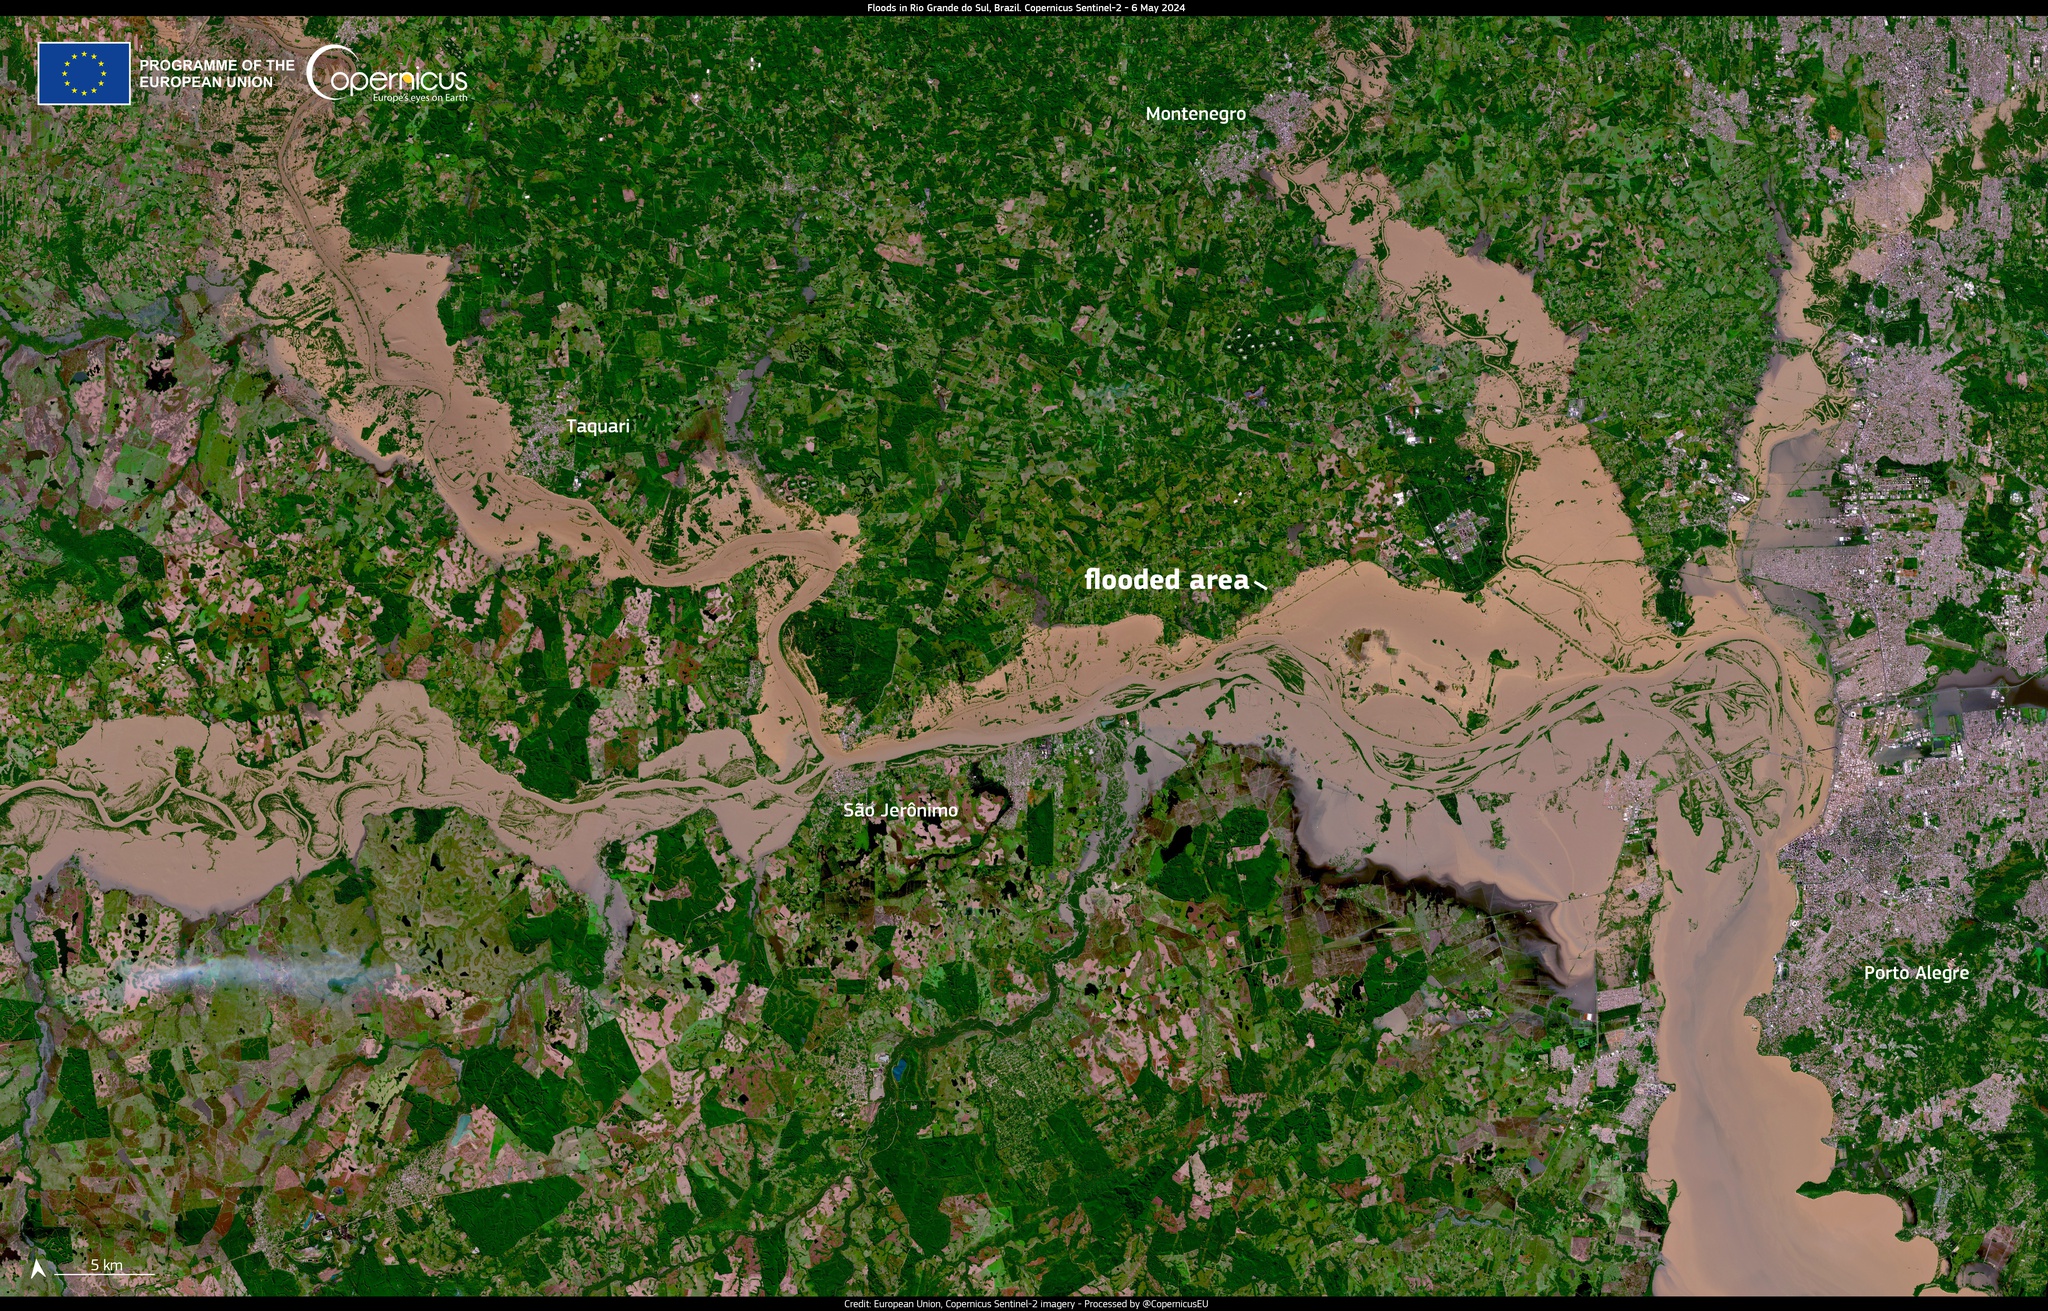 Satellitenbild zeigt die Verwüstung durch Überschwemmungen in Brasilien  Brasilien
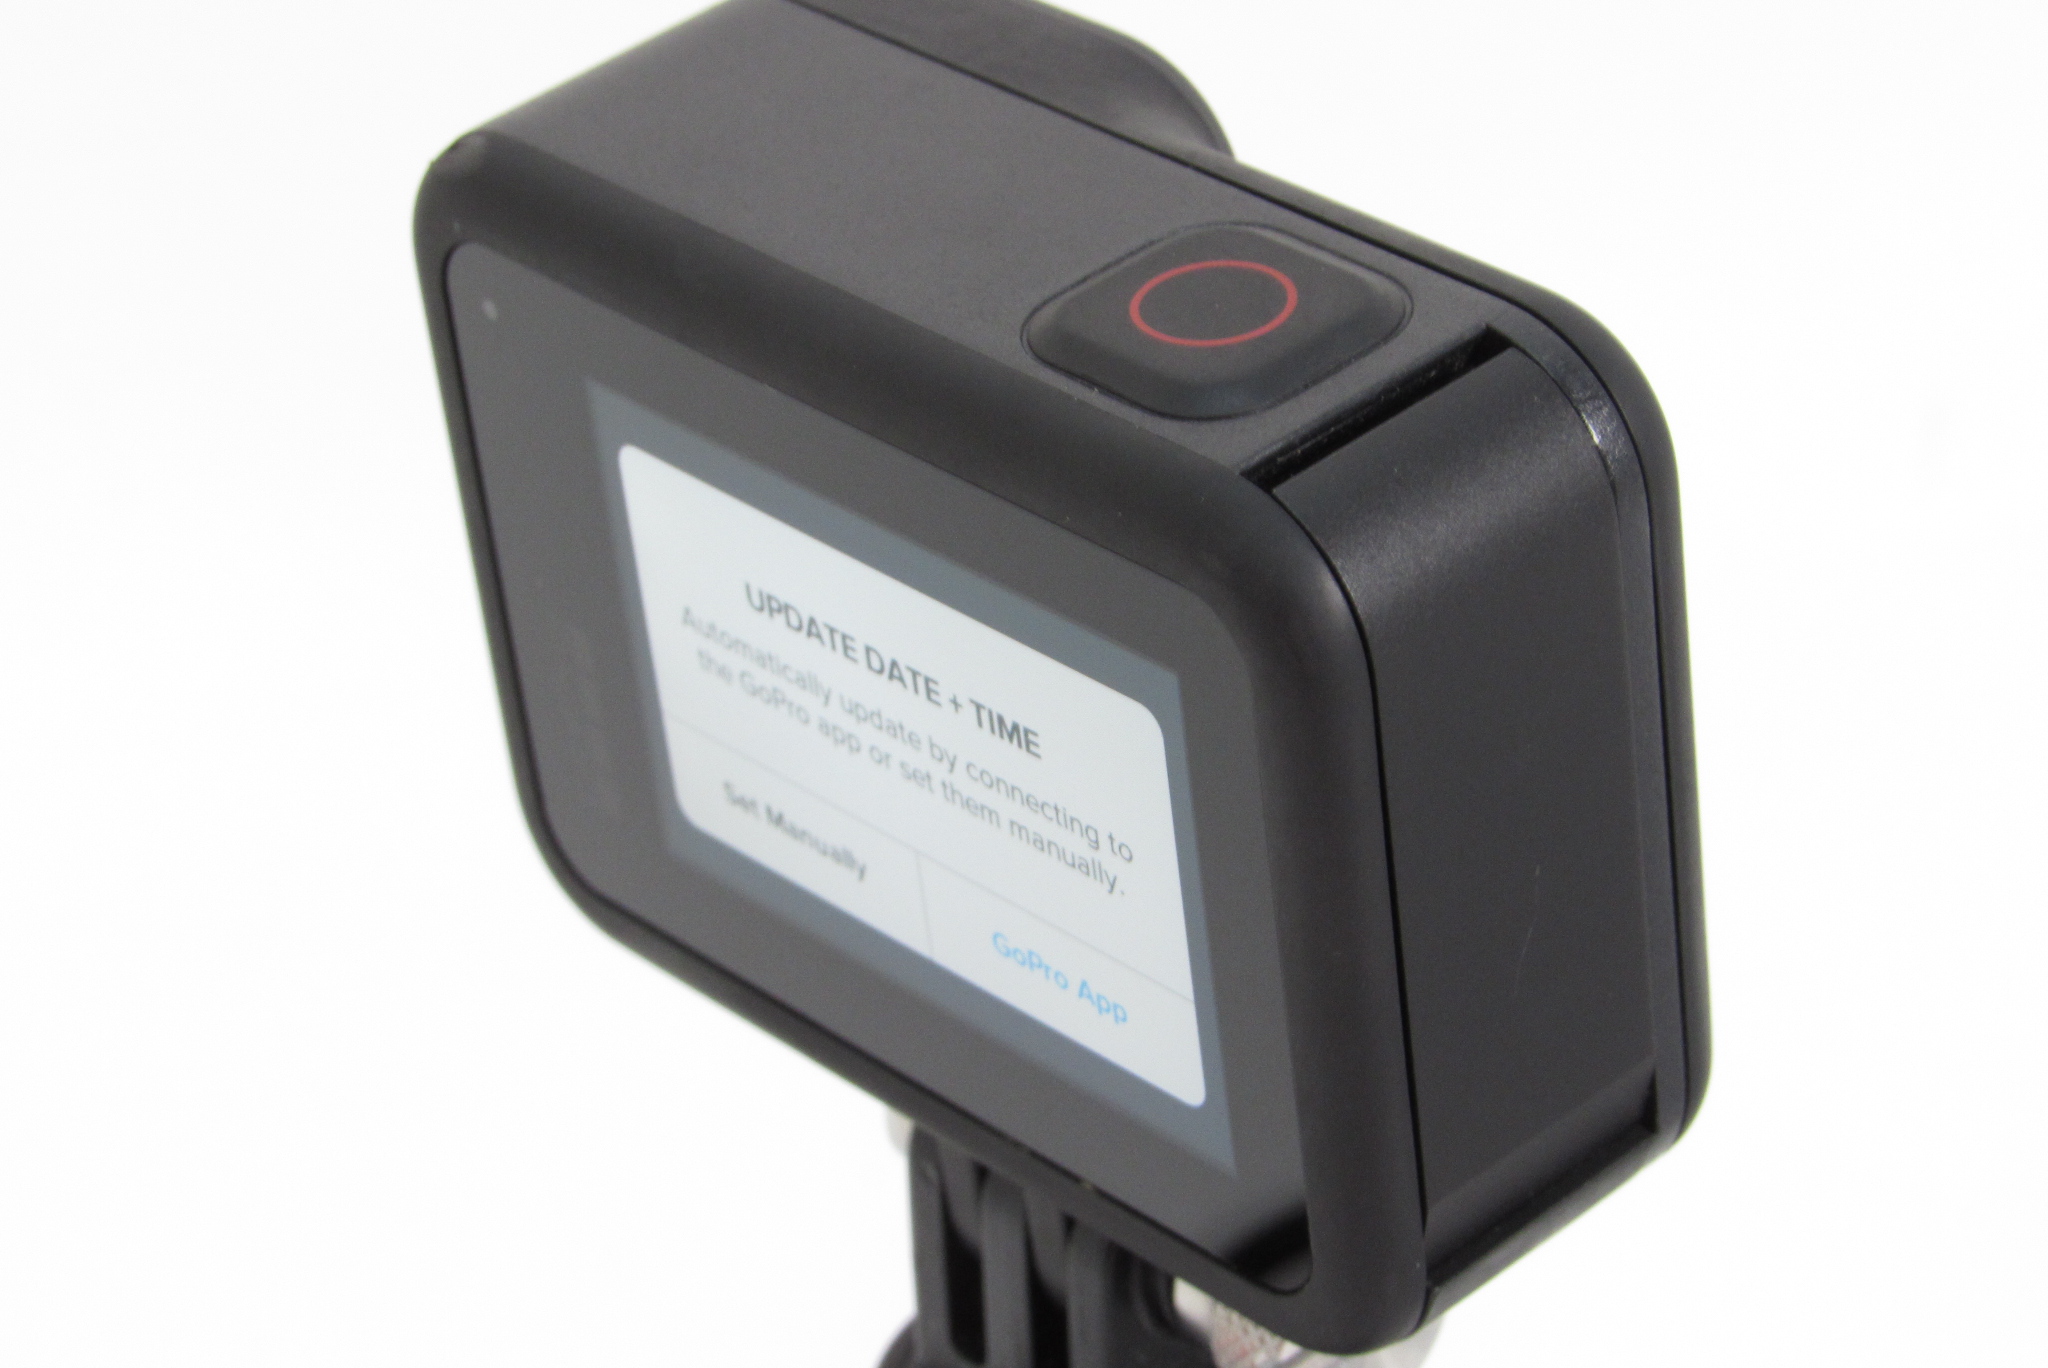 GoPro HERO8 Black (SPJB1) 4K UHD 12MP Digital Action Camera
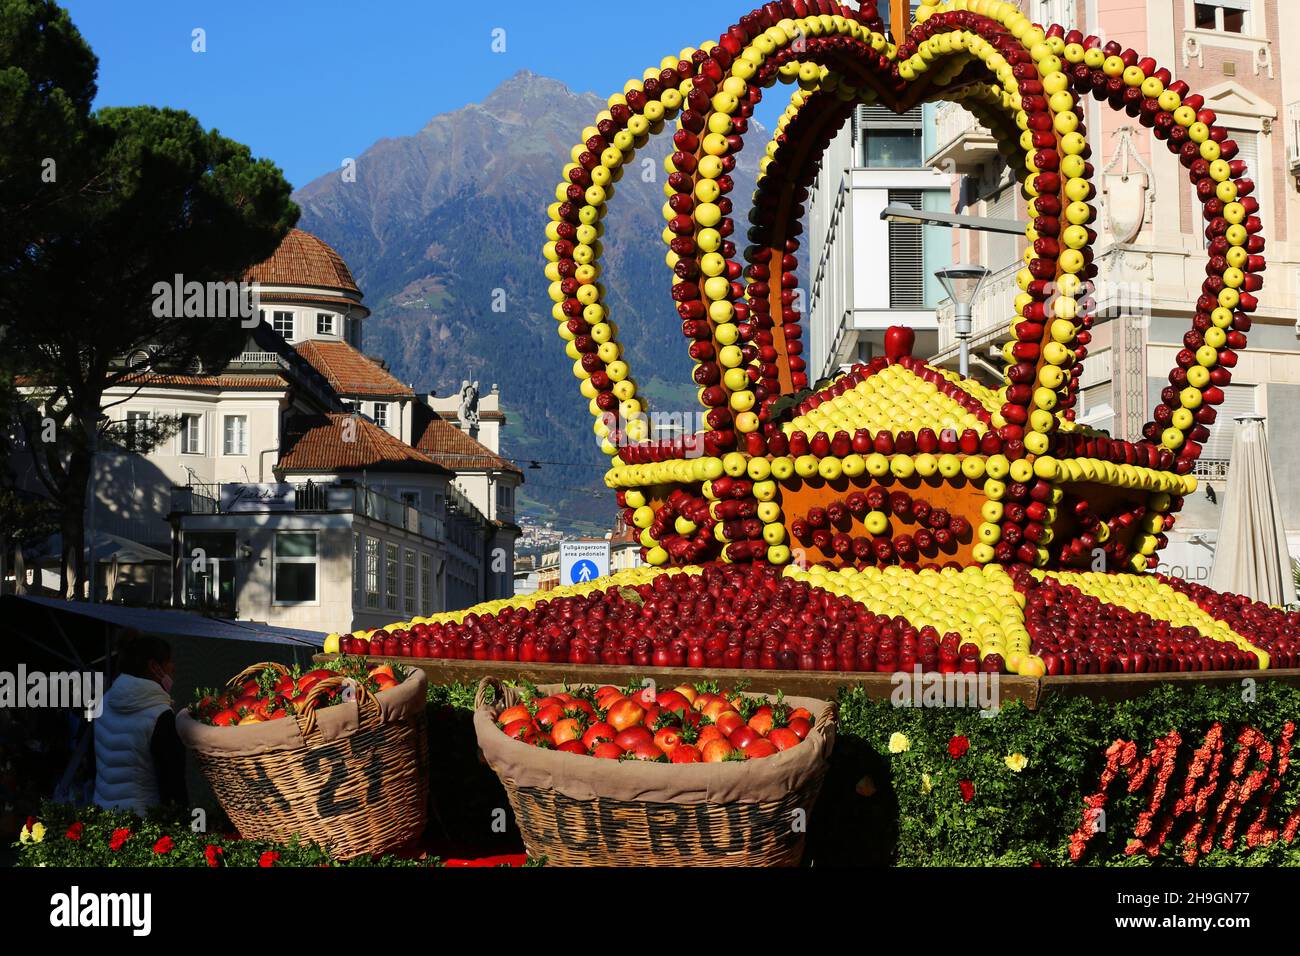 Apfel, Meran, Kurstadt, Weinfest, Trachtenfest, Krone, Äpfel dekoriert zum großen Fest in Südtirol, Italien. Stock Photo
|---|
**TASK INSTRUCTIONS**
Leave the images aside and retype each line of the listing above exactly.

**EXERCISE RESPONSE**
 Satellitenbild zeigt die Verwüstung durch Überschwemmungen in Brasilien  Brasilien
 GoPro HERO8 Black (SPJB1) 4K UHD 12MP Digital Action Camera
 Apfel, Meran, Kurstadt, Weinfest, Trachtenfest, Krone, Äpfel dekoriert zum großen Fest in Südtirol, Italien. Stock Photo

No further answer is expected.